Step 4.
I'm left handed. I can draw freehand lines that go from top left to bottom right but, particularly on a computer where you can't rotate the page on your table, I find it impossible to do them the other way round. That's where flipping the image comes in handy. By flipping the image you sometimes suddenly spot fundamental problems with the drawing that you hadn't already seen. You flip by going Image> Rotate canvas> Flip horizontal. Similarly you can flip vertical or rotate in increments of 90 degrees. (Working in line you should never rotate arbitrarily or you get lines with fuzzy gray edges. I think I forgot to mention at the beginning that I'm only drawing with the un-anti-aliased Pencil and Eraser tools so that every pixel is either black or white.
Having said that what I'm about to say contradicts that.

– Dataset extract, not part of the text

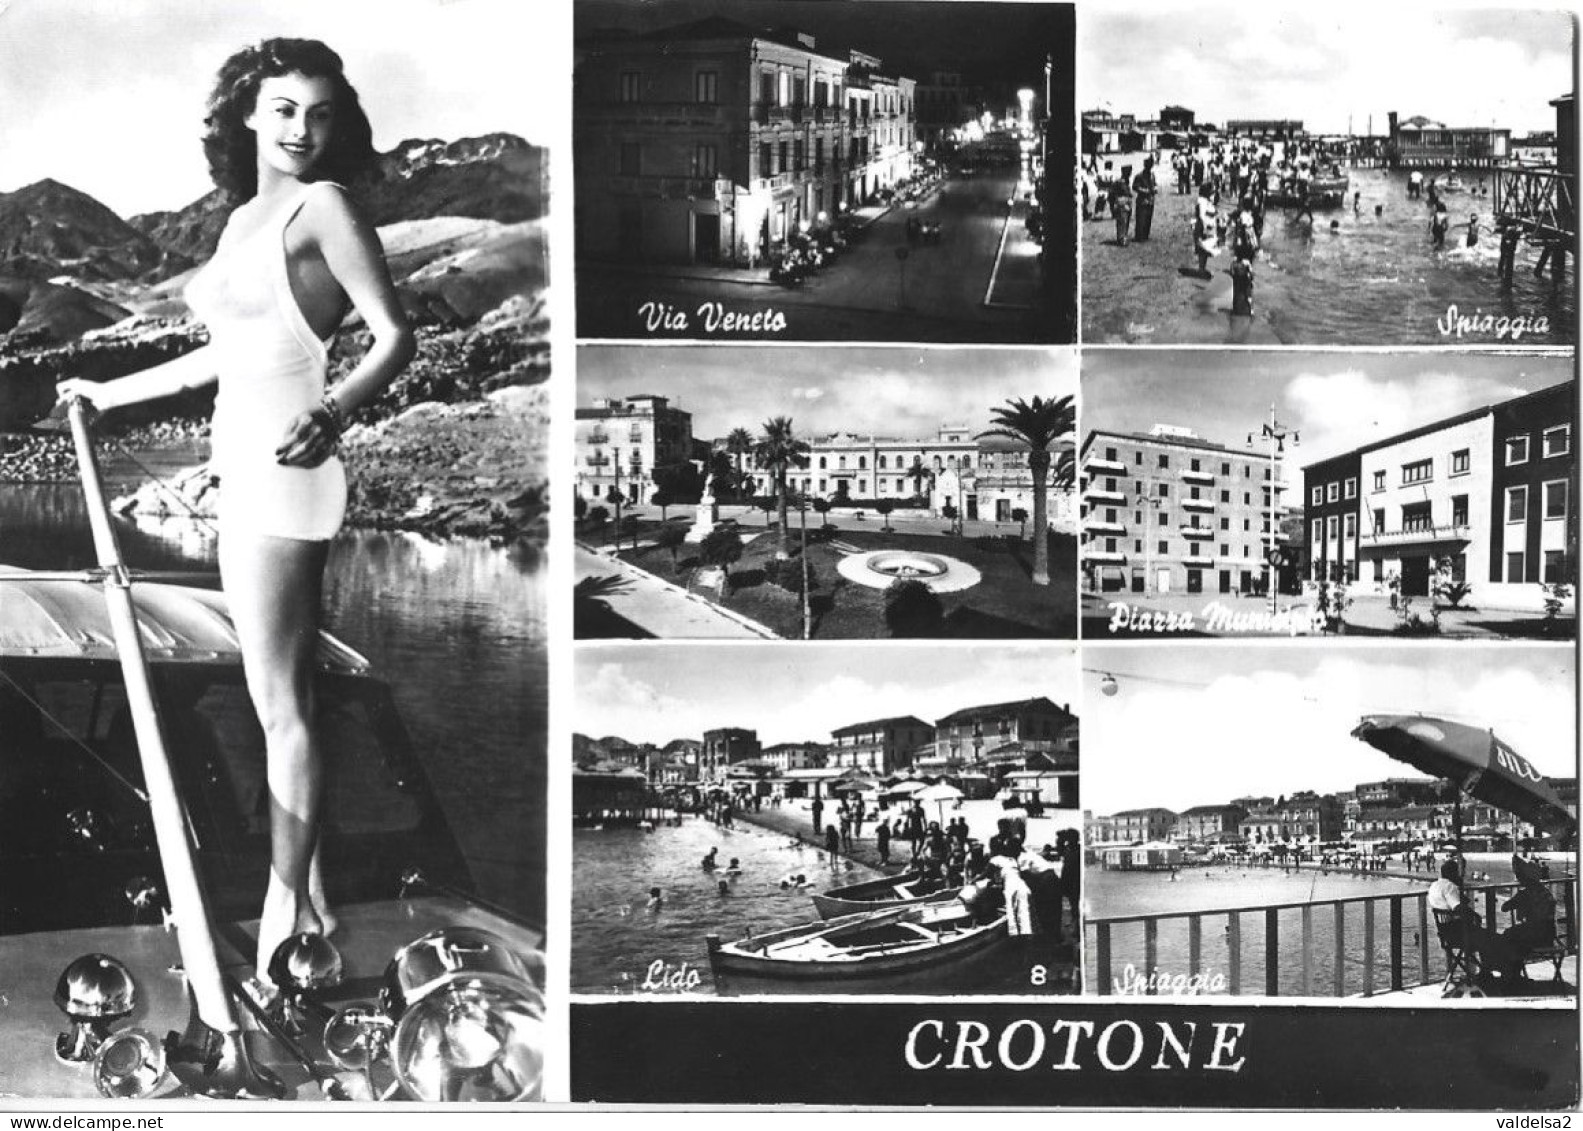 CROTONE - 7 VEDUTE - PIN UP - DONNINA SEXY - CHARME - WOMAN - VIA VENETO - SPIAGGIA - 1960 - Crotone

In the step you see before you I've decided that her right upper arm could do with being a bit longer. (Flipped it has become her left arm.) I've drawn a lasso round the bit I want to move thus selecting it. I always hide the "marching ants" by going Command-H. I then go Edit> Free transform (Command-T) and I get a rectangular box with movable points on it. I can resize the selected pit of the image or do anything I like with it. In this case I want to rotate it. I move the fulcrum or pivot or whatever you'd like to call it up to her wrist and rotate the rest of the arm away from the elbow. When I hit Enter the box goes away and the arm is in its new position. I now have to deselect (Command-D) and I can touch up the gap by hand. The thing about this new bit of arm is that it is now anti-aliased, ie. it has blurry gray edges to its pixels. At this stage of the work, before I start inking this doesn't particularly matter because it'll ultimately be discarded. But I would never do this during the inking process.